:: BRIEF ::
Output only the lines below that start at the line containing "A pristine pool" and end at the line containing "A lot of energy", with both ends kept.

DATA SUPPLIED Start Marker

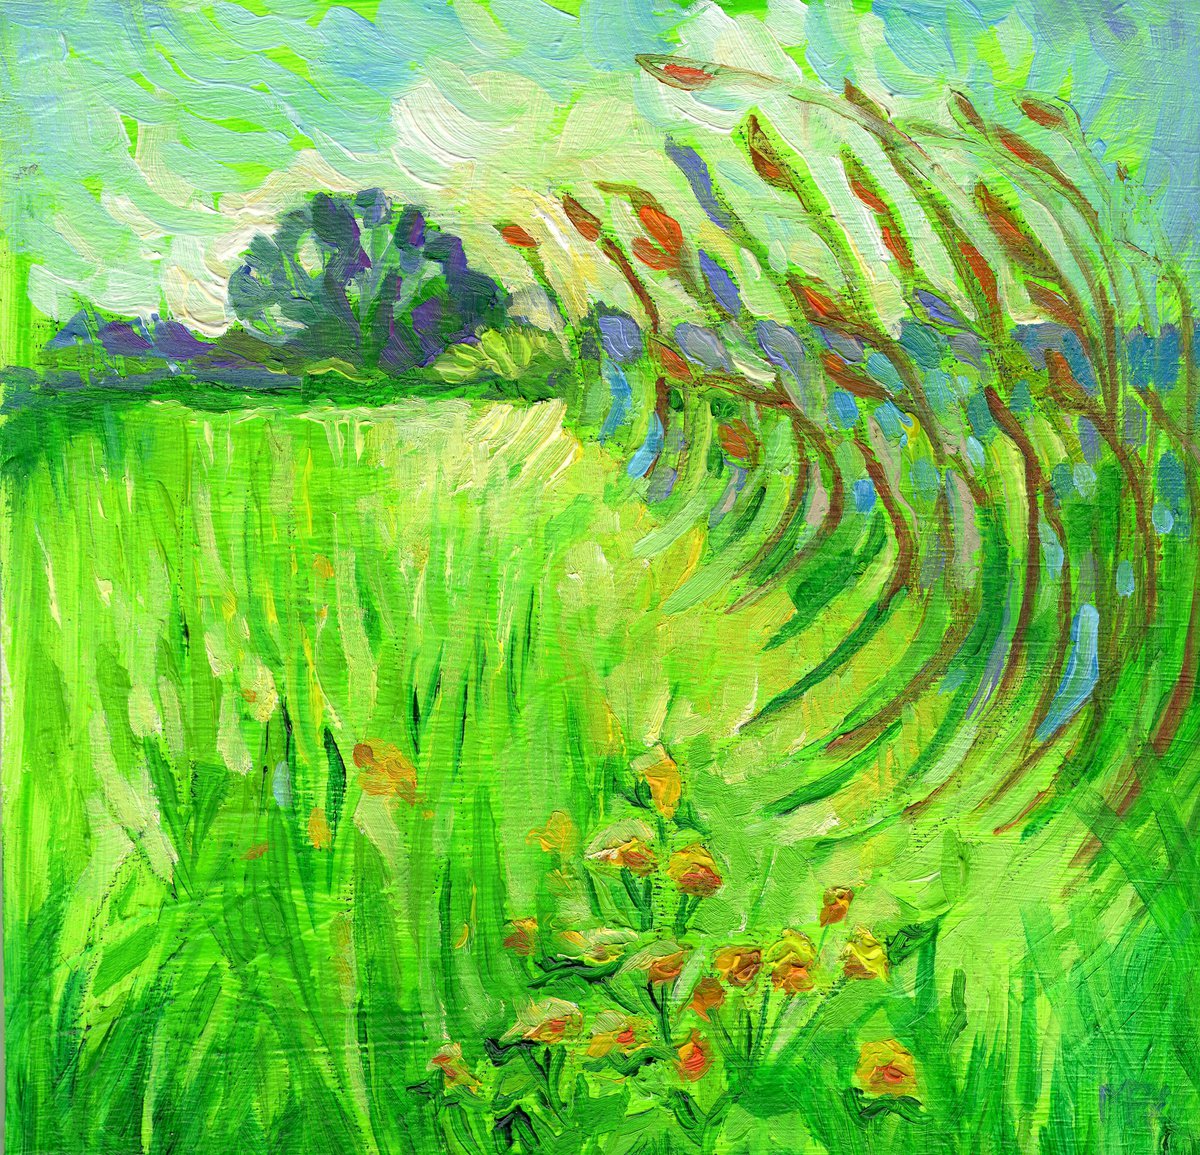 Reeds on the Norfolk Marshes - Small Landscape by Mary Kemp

DATA SUPPLIED End Marker
DATA SUPPLIED Start Marker

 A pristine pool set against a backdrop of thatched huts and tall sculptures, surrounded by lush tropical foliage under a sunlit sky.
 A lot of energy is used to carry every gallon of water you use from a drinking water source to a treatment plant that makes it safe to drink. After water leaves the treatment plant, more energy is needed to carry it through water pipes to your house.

DATA SUPPLIED End Marker
DATA SUPPLIED Start Marker

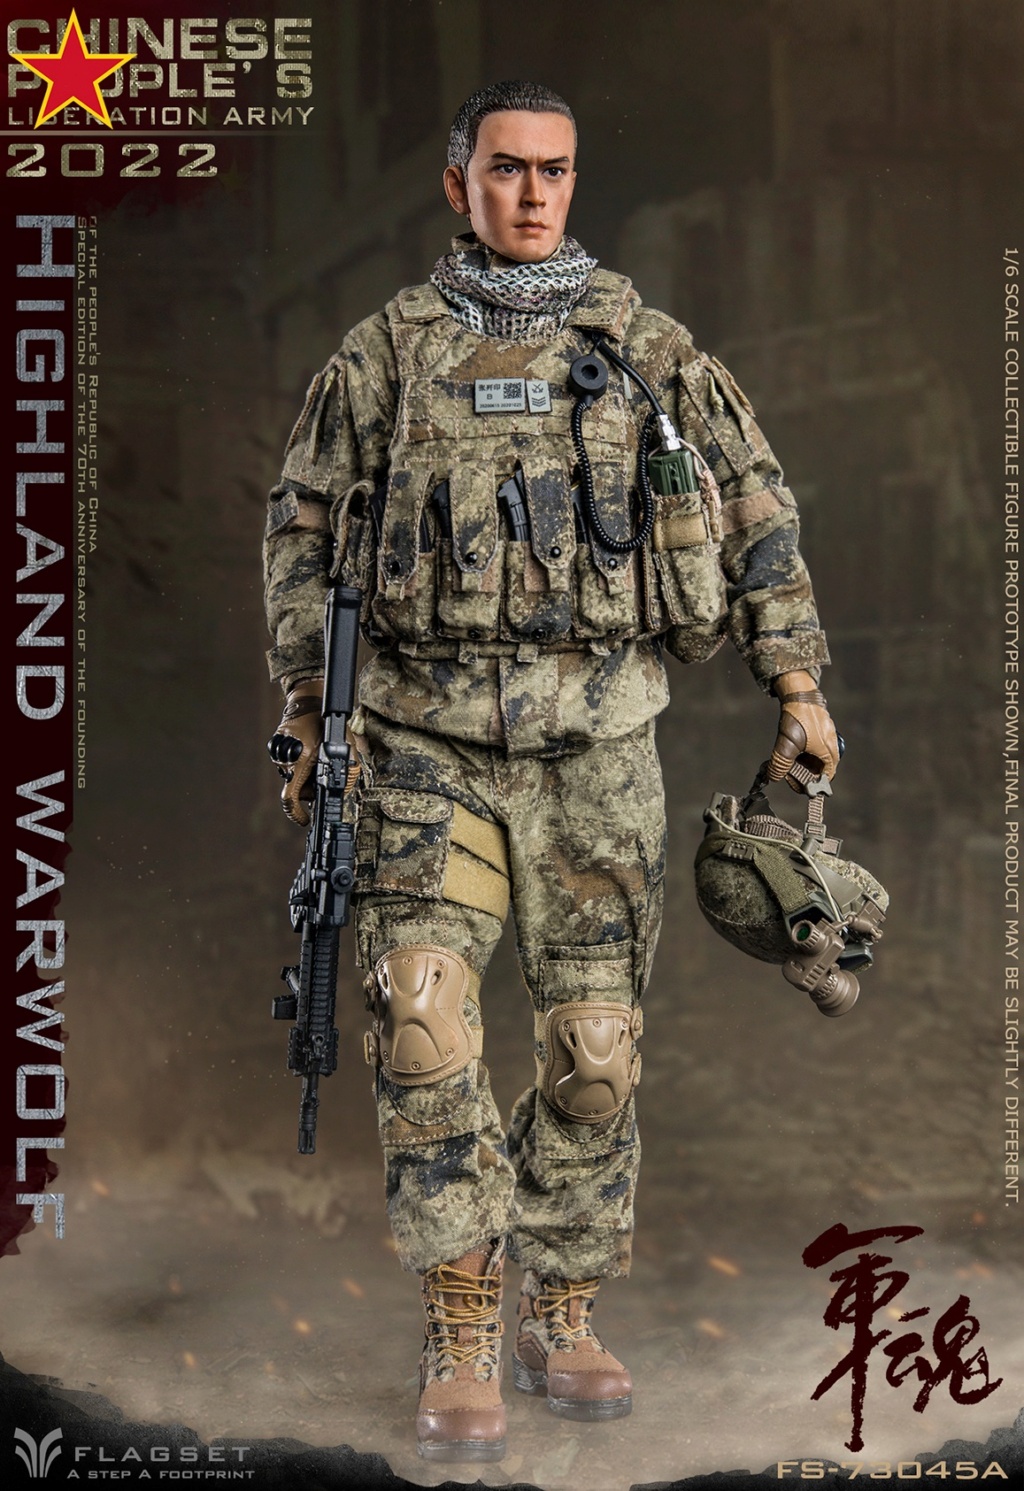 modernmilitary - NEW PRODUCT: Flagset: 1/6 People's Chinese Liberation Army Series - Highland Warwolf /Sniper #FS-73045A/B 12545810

DATA SUPPLIED End Marker

:: EXERCISE SOLUTION ::
 A pristine pool set against a backdrop of thatched huts and tall sculptures, surrounded by lush tropical foliage under a sunlit sky.
 A lot of energy is used to carry every gallon of water you use from a drinking water source to a treatment plant that makes it safe to drink. After water leaves the treatment plant, more energy is needed to carry it through water pipes to your house.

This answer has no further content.